前期233台、後期118台。合計351台しか生産されなかったトヨタ2000GT。最近は市場価格も高騰しており、モディファイなどを施すことなく、オリジナルのままをキープしようとするオーナーが圧倒的に多いのがトヨタ2000GTだ。だがそんな貴重なモデルをベースに、歴史的ストーリーの復活を目論むべく、大胆なまでに手を加えた驚愕の1台が出現した。「夢のクルマ」がアメリカで見た壮大な夢のかけらを、今、この日本で再現してくれることに感謝しつつ、その全貌を追ってみたい。

【1967年式 トヨタ 2000 GT Vol.1】

本来のボディーカラーはシルバーで、白いボディも赤のペイントもラッピングで再現されたなど【写真41枚】

 市場での流通数やモディファイを楽しむという点では、スカイラインやフェアレディZといった日産勢の後塵を拝する。ただし、トヨタ2000GTにこそ、「日本モータリゼーション史上最高傑作の一台」の冠を授けることに異論はないと思う。

 ヤマハとの共同開発であったことを差し引いても、1960年代半ばにDOHCエンジン、4輪ディスクブレーキ、4輪ダブルウイッシュボーン、ラック&ピニオンステアリング、5速フルシンクロミッションといったメカニズムの採用は画期的。リトラクタブルヘッドライト、ロングノーズ、2座のファストバックフォルムのスタイリングを兼ね備えたGTカーなど、日本国内には存在し得なかったのだから。

特筆すべきストーリー、その1つめ

 希少価値も手伝って、今や億単位のプライスタグが付くこともあるトヨタ2000GTだが、そのデビュー当時を振り返ると、特筆すべき3つのストーリーがあった。

 1つめは人気シリーズ映画「007は二度死ぬ」への出演だ。ご存じイギリスのスパイ、ジェームズ・ボンドが主人公の同シリーズに登場するクルマといえば、世界に名だたるスポーツカー、アストンマーチン。その名前と肩を並べたということは、まさに世界基準の名車への仲間入りを果たしたことの重要な裏付けとなったのだ。

スピードトライアルというストーリー

 2つめは、1966年10月に茨城県谷田部にあった高速周回路で行われたスピードトライアル。007シリーズへ出演がソフト面のアピールだったとすれば、こちらは紛れもなくハード面のアピールにつながった。区切られた時間、マイル数、キロ数をどれだけの平均時速で走れるかの課題に挑み、13のカテゴリーで世界記録を樹立。この段階ではまだ市販化はされていなかったが、メーカーサイドの大々的な宣伝効果もあり、トヨタ2000GTへの期待感は、いやでもふくらんでいった。

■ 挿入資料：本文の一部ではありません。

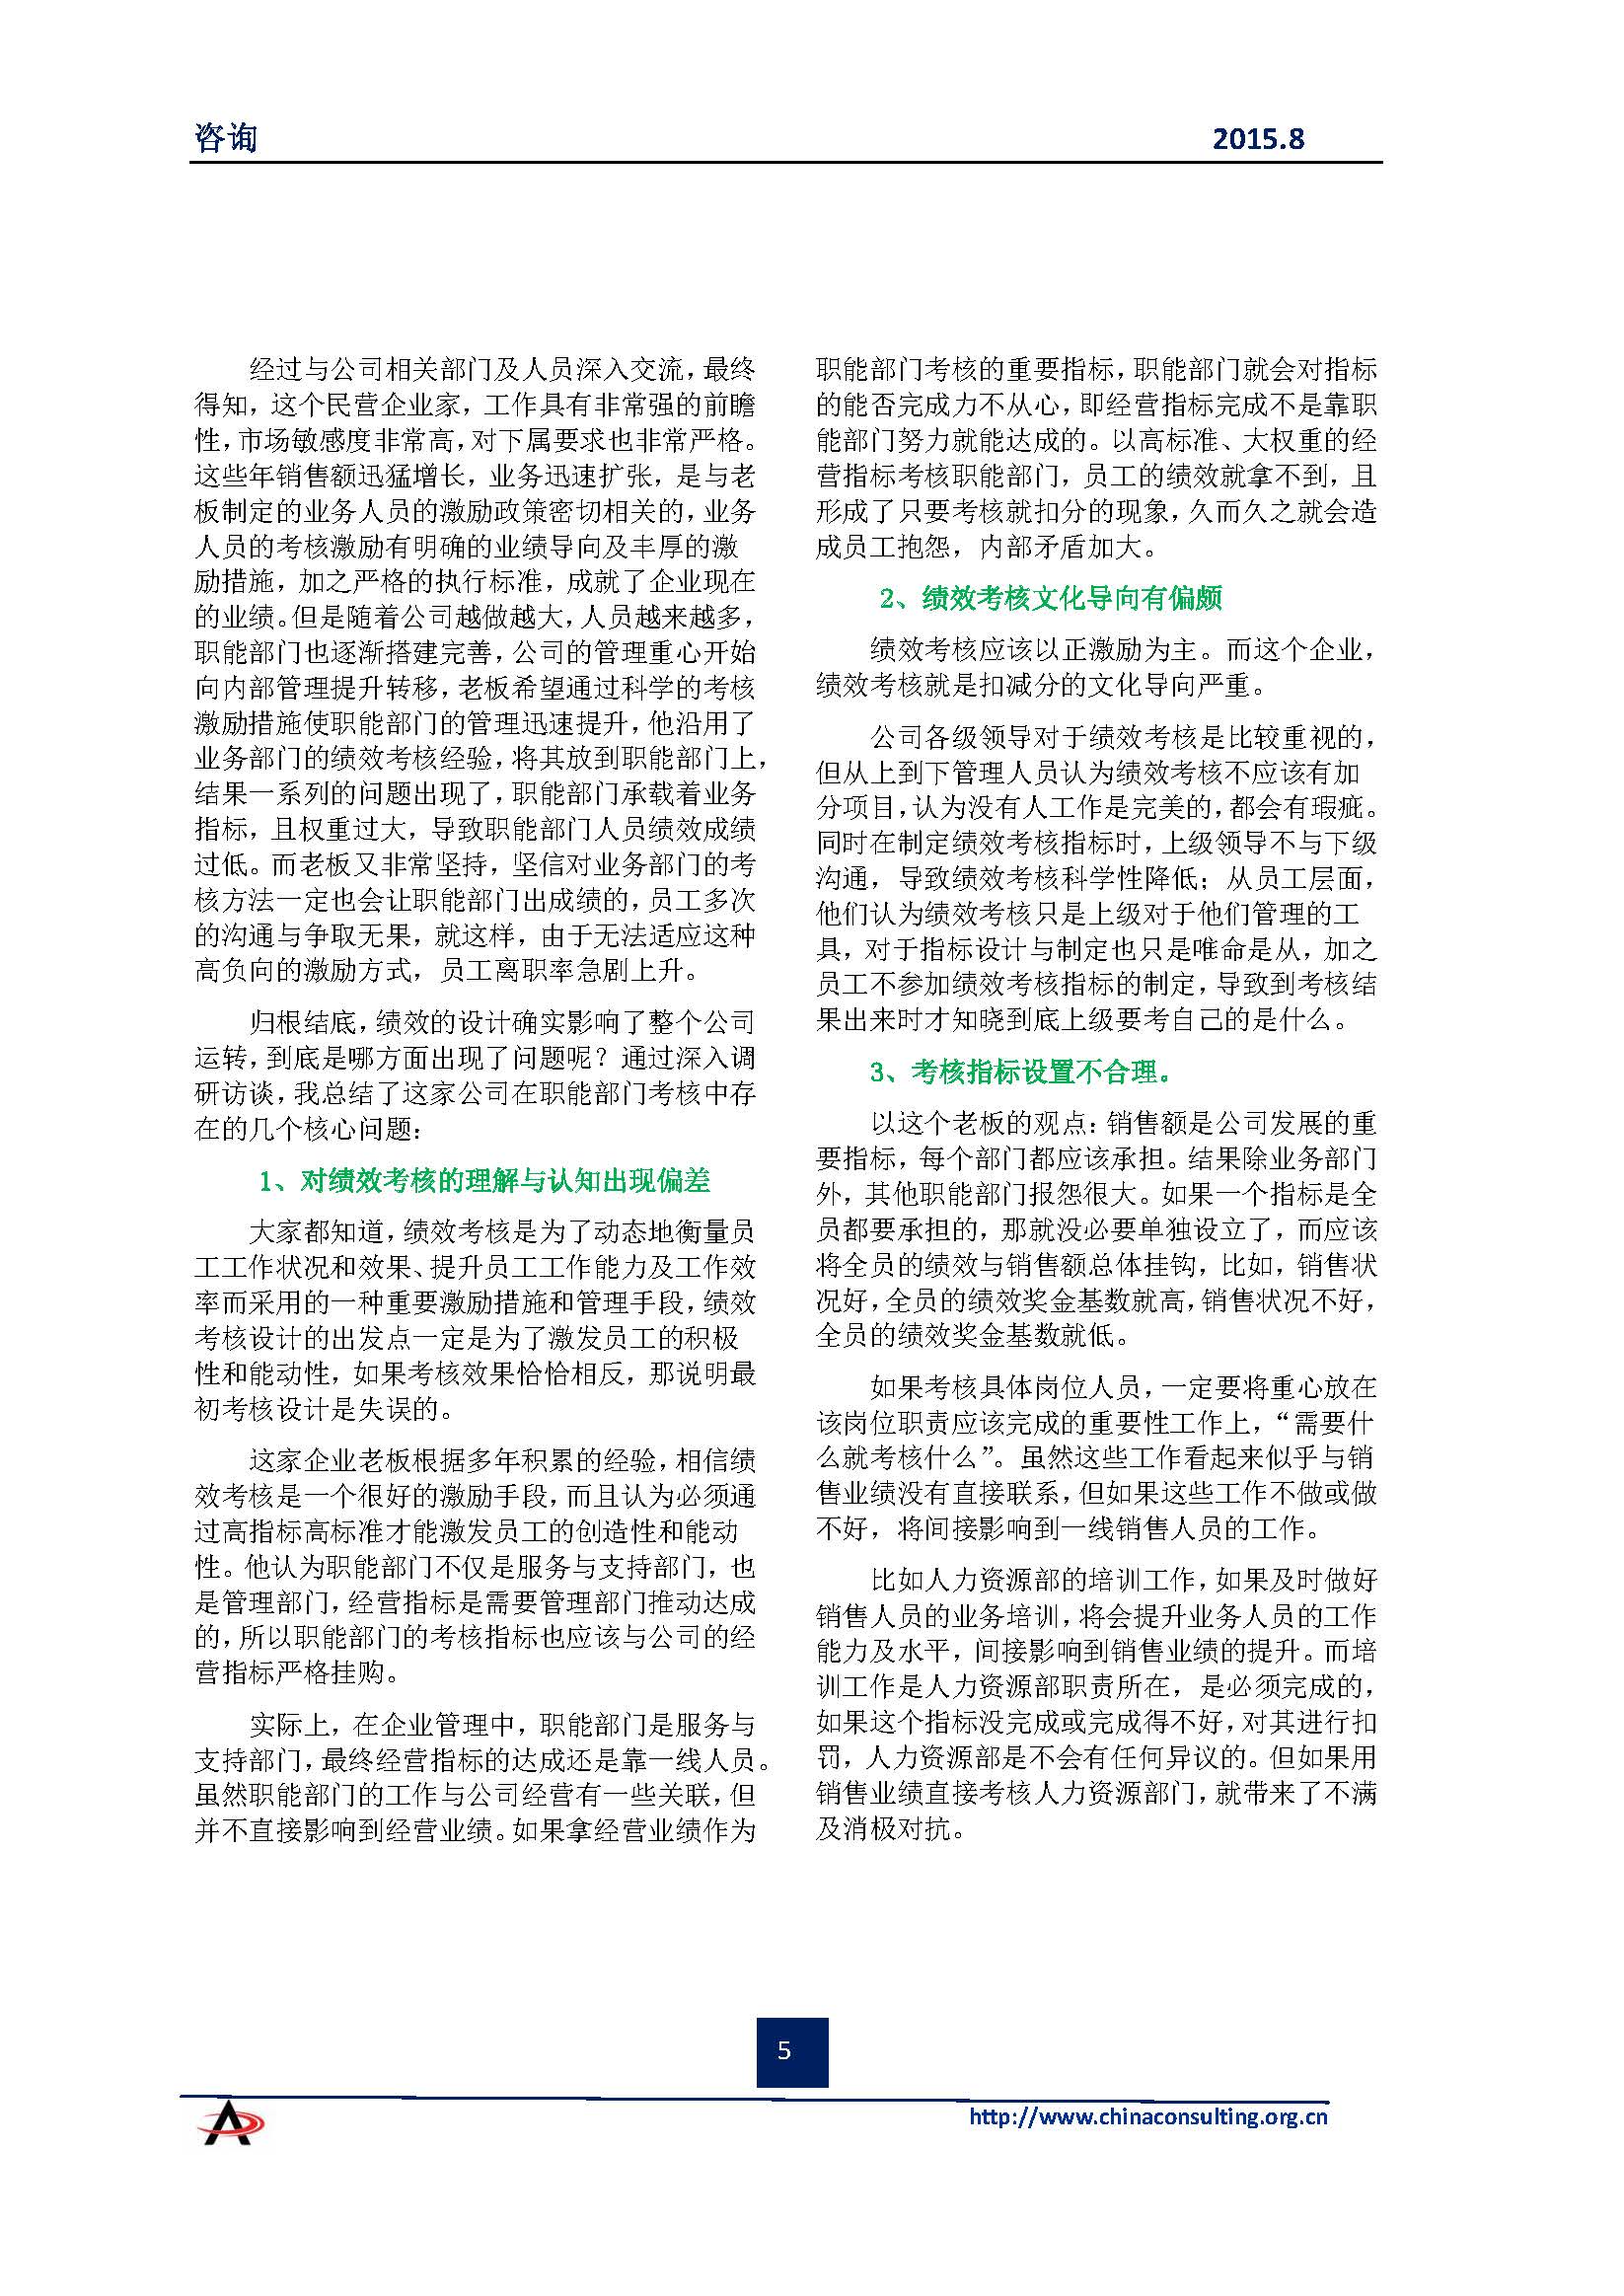 中国科技咨询协会会刊（第四十期）初稿_页面_07.jpg

SCCAを走ったトヨタ2000GTはゼッケン23(白/青)とゼッケン33(白/赤)の2台。日本にすでにゼッケン23のレプリカがいたことから、AIさんはゼッケン33レプリカの製作にあたっている。








後期用フェンダーミラーにツートンフィニッシュとネジ取り付け加工を行い、前期用ミラーに見せる工夫も。また、シェルビーアメリカンの33号車ではエンブレムが外されているが、純正の七宝焼きエンブレムはあえて残している。

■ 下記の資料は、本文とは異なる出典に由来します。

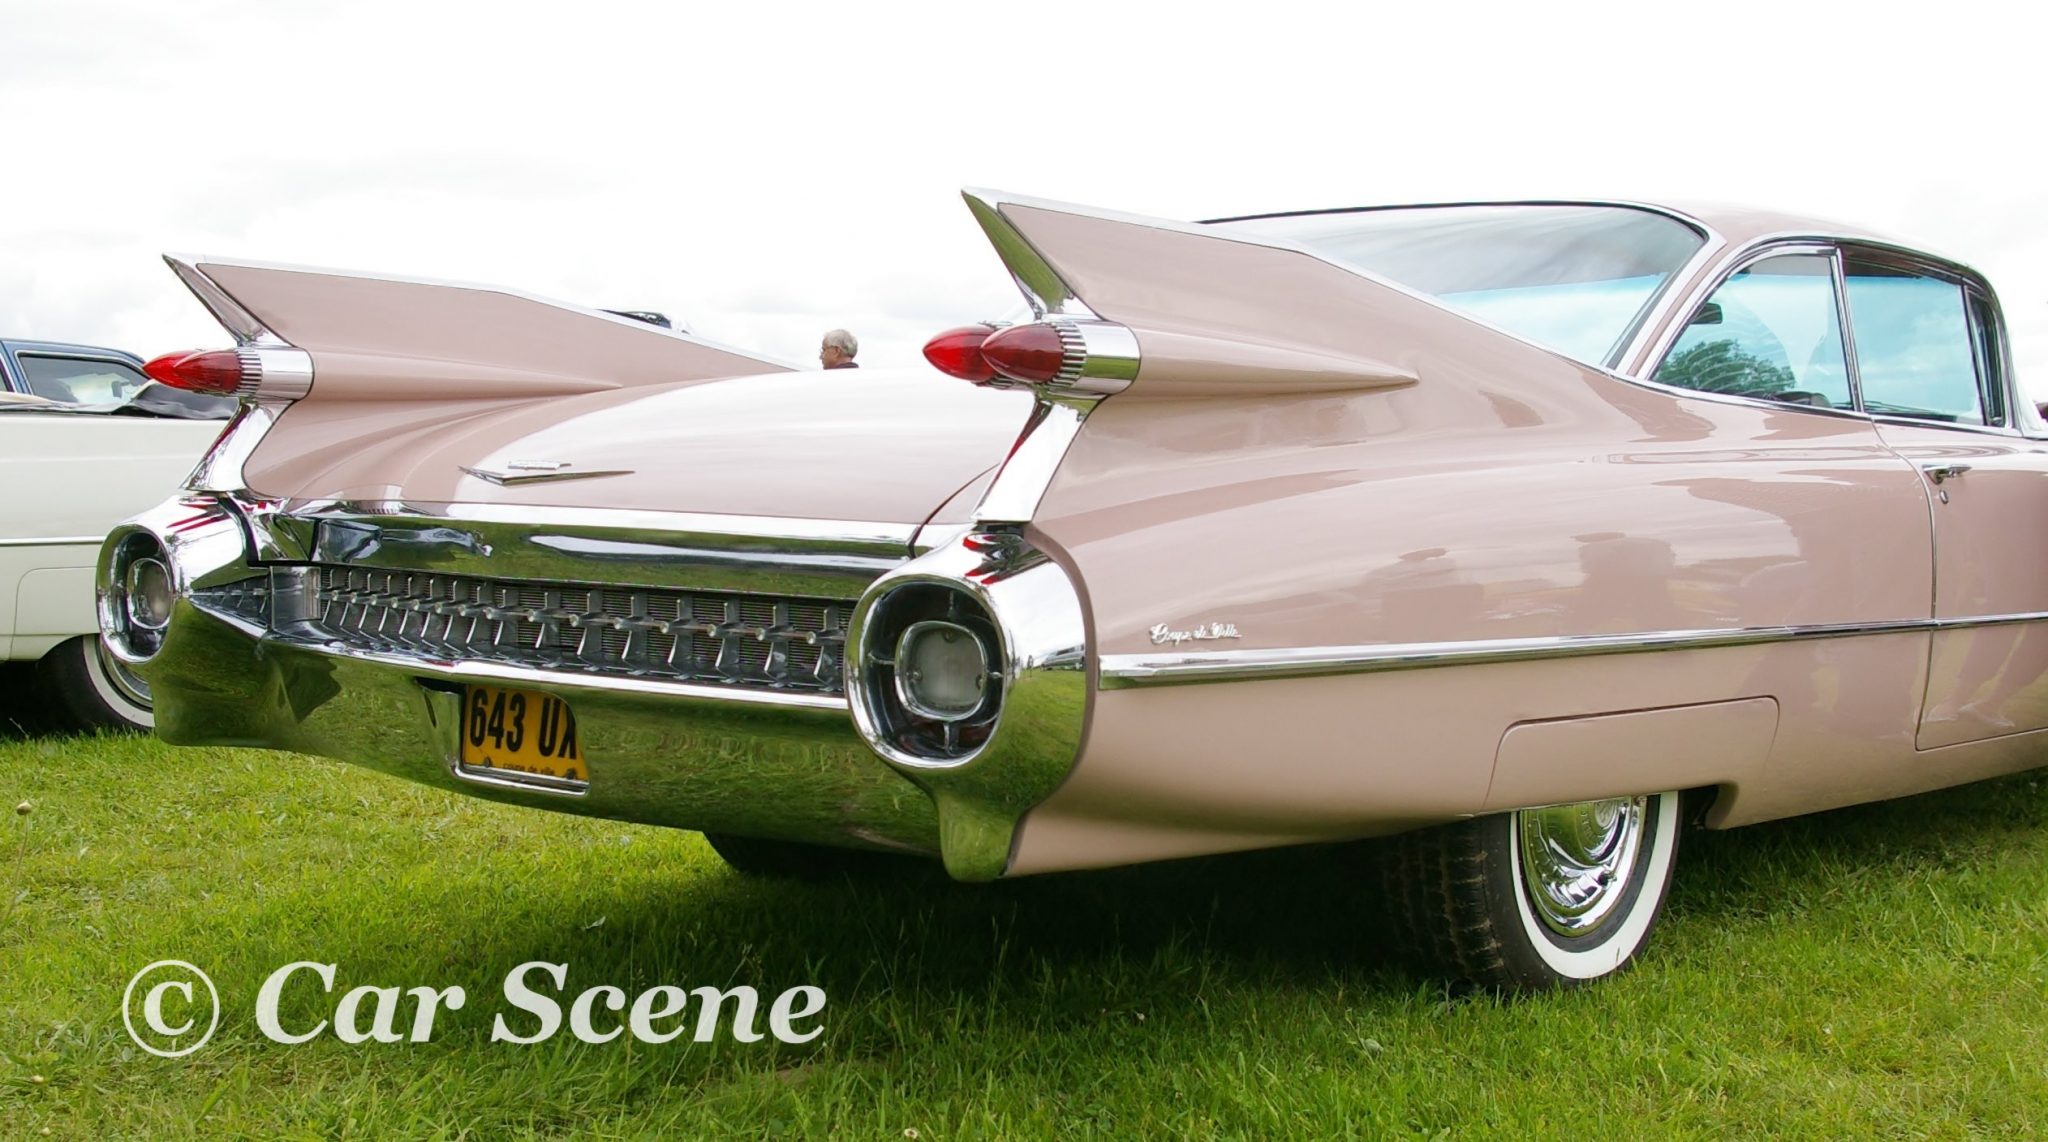 1959 Cadillac Coupe De Ville rear quarter view

テールランプとナンバープレートの間に位置するオーバーライダーを取り外し、そのスペースに赤のペイントを施す。大型フューエルキャップの取り付けが今後の課題だそうだ。


1967年式 トヨタ2000GT(MF10)
SPECIFICATIONS 諸元
●エクステリア:シェルビーアメリカンカラー(ラッピング)、フロントT字グリル&バンパーレス、ワンオフフロントアンダーパネル、フォグランプカバー&ウインカーレンズフィルム貼り、前期ルック後期ミラー、リアオーバーライダーレス
●エンジン:7M型3Lブロック+3M型ツインカムヘッド&インテークマニホールド
●点火系:永井電子機器イグニッションコイル/MDIユニット
●吸排気系:ミクニソレックス44PHH×3、クライスジークワンオフ6-2-2ステンレスタコ足&メガホンマフラー
●冷却系:ワンオフ3層ラジエーター、リザーバータンク追加、6枚羽根電動ファン、オイルクーラー交換&ライン引き直し
●駆動系:後期用5速ミッション載せ換え、OS技研製強化クラッチ&スーパーロックLSD
●サスペンション:ワンオフビルシュタイン車高調
●ブレーキ: (F)マツダRX-8用ローター/キャリパー/マスターバック/タンデムシリンダー
●インテリア:シンプソン4点式ハーネス、4点式ハーネス固定用バー
●タイヤ:ブリヂストンレグノGR9000 185/65R15
●ホイール:純正マグネシウム風ワンオフ15×6J、ワンオフシェルビーアメリカン風ノックオフスピンナー


【2】【3】【4】【5】に続く

初出:ノスタルジックスピード 2016年 7月号 vol.010(記事中の内容は掲載当時のものを主とし、一部加筆したものです)


1967年式 トヨタ 2000 GT(全5記事)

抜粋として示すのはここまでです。